Introduction
In practice, consumer protection laws are designed to protect both the consumer and the business against fraud and unfair competition. However, the proposed one-way contract favors the business against contractual liabilities leaving out the customer. The purpose of this article is to investigate the regime of one-way contracts between the customer and the business, which binds the consumers to the business and not the other way (Ben-Shahar, 2012). The study has revealed that existing contracts are disguised as one and not two-way contracts (Harris Jr, 2006). Redesigning the consumer protection laws for better contracts is possible.
Summary
Ben-Shahar (2010) provides a detailed review of one-way contracts that are enforceable against the customer and not the business. Ben-Shahar (2010) notes that consumer-to business contracts are characteristically designed with bad pro-business and difficult to enforce and expensive pro-consumer terms. The existing gaps eventually end up as deterrence to criminal law. Consumer Protection Acts (CPA) do not guarantee direct compensation to consumers but guarantee a significant level of protection through private attorneys.
CPAs have proved to be effective as well as being the source of diverse and frivolous suits. Perceptions of one-way contracts that are enforceable by one party emerge. Ben-Shahar (2010) argues that consumer-oriented contract remedies do not apply in this case, but a business can resort to legal remedies if the customer fails to honor the contract. Consumer-oriented contracts allow both parties to rewrite and redesign the laws and terms of engagement between them.
Literature review
Ben-Shahar (2010) accurately depicts a situation where businesses are not subject to legal liabilities when a breach of contract between the customer and the business occurs. A one-way contract enforceable only against the consumers defines the paradigm which Ben-Shahar (2010) proposes to be a better way of protecting the customers. According to Ben-Shahar and Logue (2012), the traditional reasons for establishing a binding contract between the customer and the business are to protect both parties.
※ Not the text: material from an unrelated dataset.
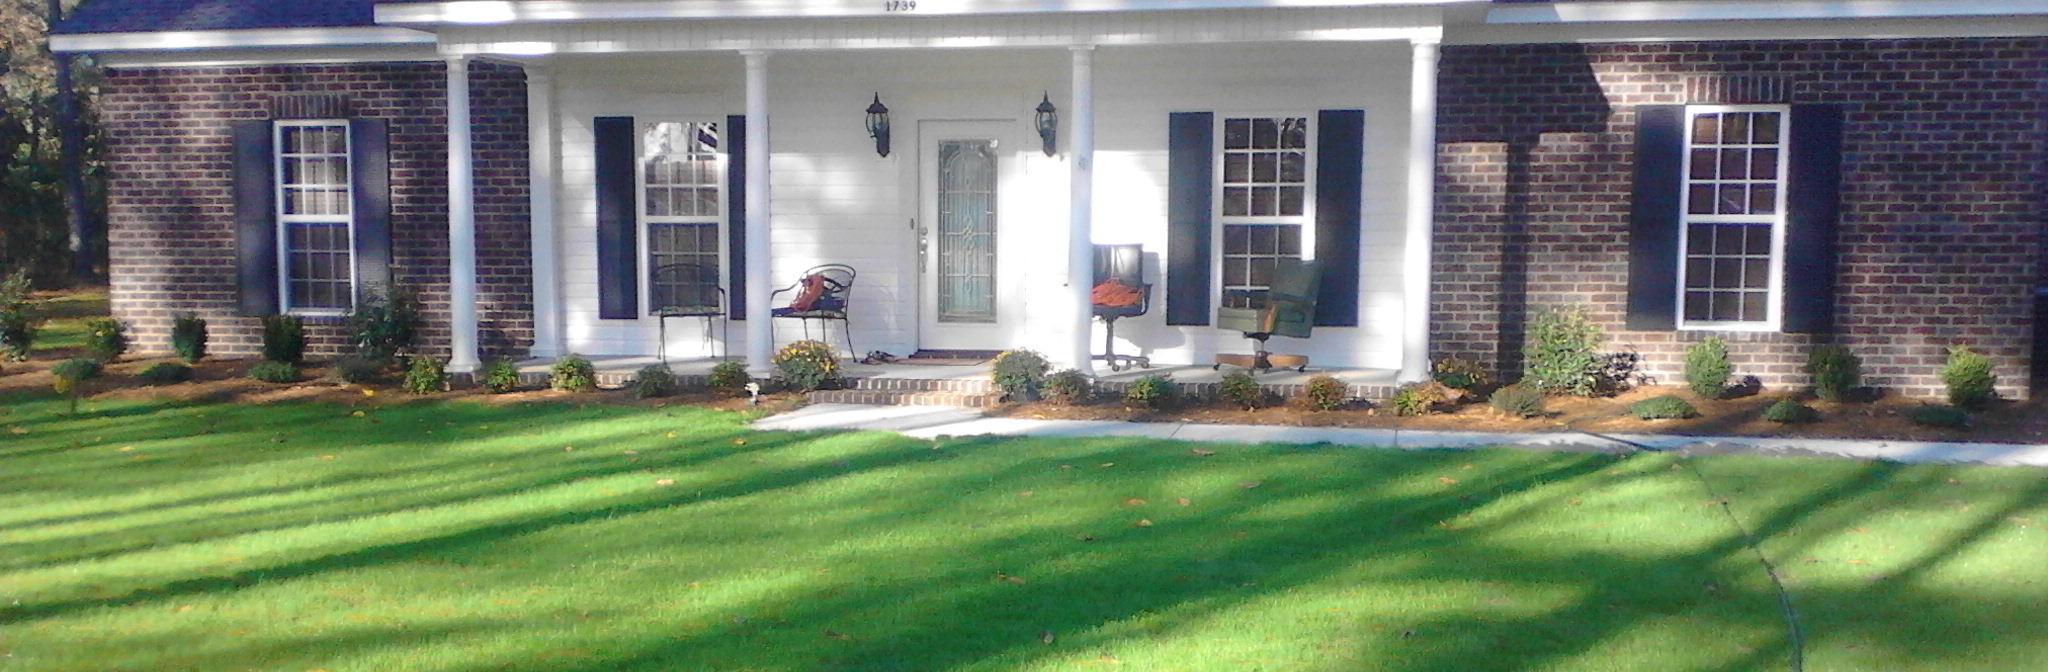 Landscape Contractor Augusta GA | Bill Harley Company
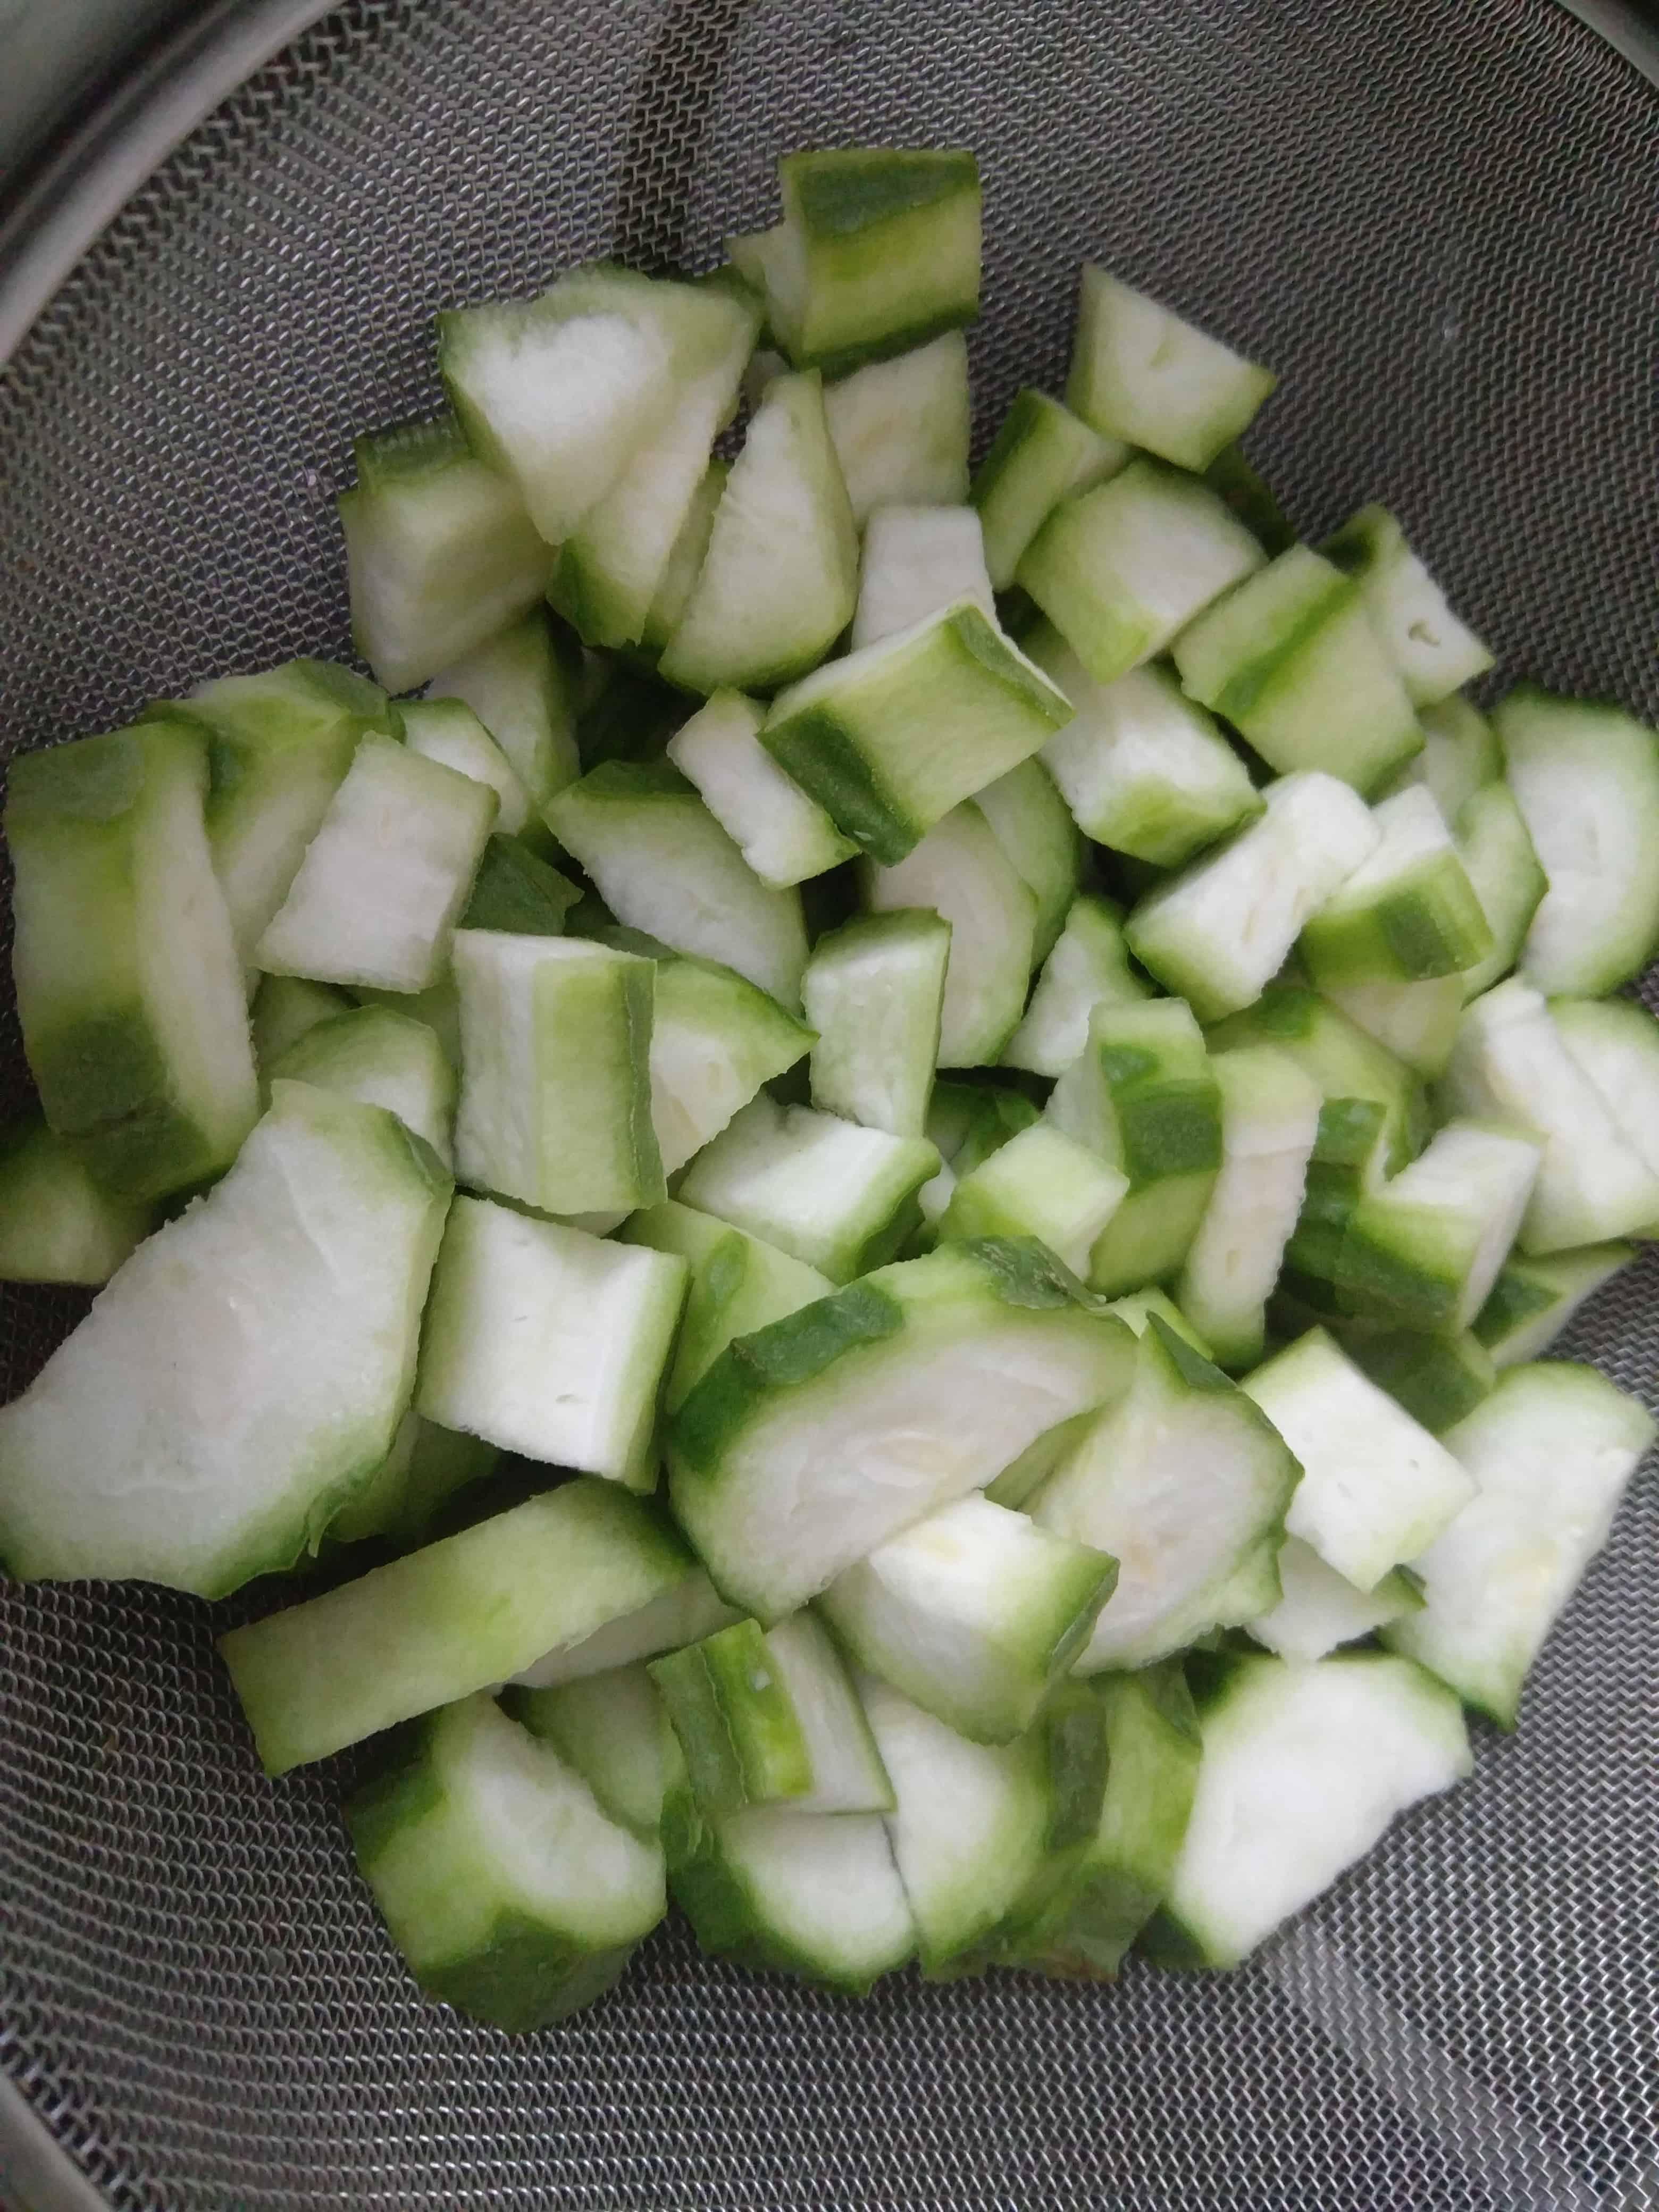 Turai Ki Sabzi Ridge Gourd Curry Masalachilli A Complete Vegetarian Food Experience

However, Wang (2008) notes that disputes arise if businesses craft contracts that fail to account for the rights because they lack legal backing. According to Wright (2012), contract laws are designed to protect consumers based on a fair relationship between both contracting both parties. Wright (2012) provides the basic definition of fair treatment from the perspective of the areas of marketing such as product policy, pricing, marketing communication, distribution, and privacy issues.
Wright (2012) argues that traditional contracts are designed to ensure consumer protection due to product flaws such as hidden defects, excessive pricing, consumer irrationality, standardization, safety issues, and negative externalities. This is a widely accepted and applied approach to consumer protection based on the general principles of consumer protections established under the law in many countries including the USA and China (Harris Jr, 2006).
However, Ben-Shahar and Logue (2012) dismiss the veracity argument on the consumer protection law by asserting that laws fail because of inherent weaknesses that enable businesses to exploit customers and evade liability. However, the discourse fails to show how emphasis can be placed on consumer-oriented contract remedies, which in practice can be achieved by invoking criminal or tort laws to protect the consumer. Here, the critical aspect is to distinctly define the points of demarcation between the customer and the business to enforce a state of fairness.
References
Ben-Shahar, O., & Logue, K. D. (2012). Outsourcing Regulation: How Insurance Reduces Moral Hazard. Michigan Law Review, 1(1), 197-248.
Ben-Shahar, O. (2010). One-Way Contracts: Consumer Protection without Law. European Review of Contract Law, 6(3), 221-249.
Harris Jr, H. S. (2006). Making of an Antitrust Law: The Pending Anti-Monopoly Law of the People’s Republic of China, The. Chi. J. Int’l L., 7 (1), 169.
Wang, X. (2008). Highlights of China’s new anti-monopoly law. Antitrust Law Journal, 75(1), 133-150.
Wright, J. D. (2012). The Antitrust/Consumer Protection Paradox: Two Policies at War with Each Other. Yale Law Journal, Forthcoming, 1(1), 12-45.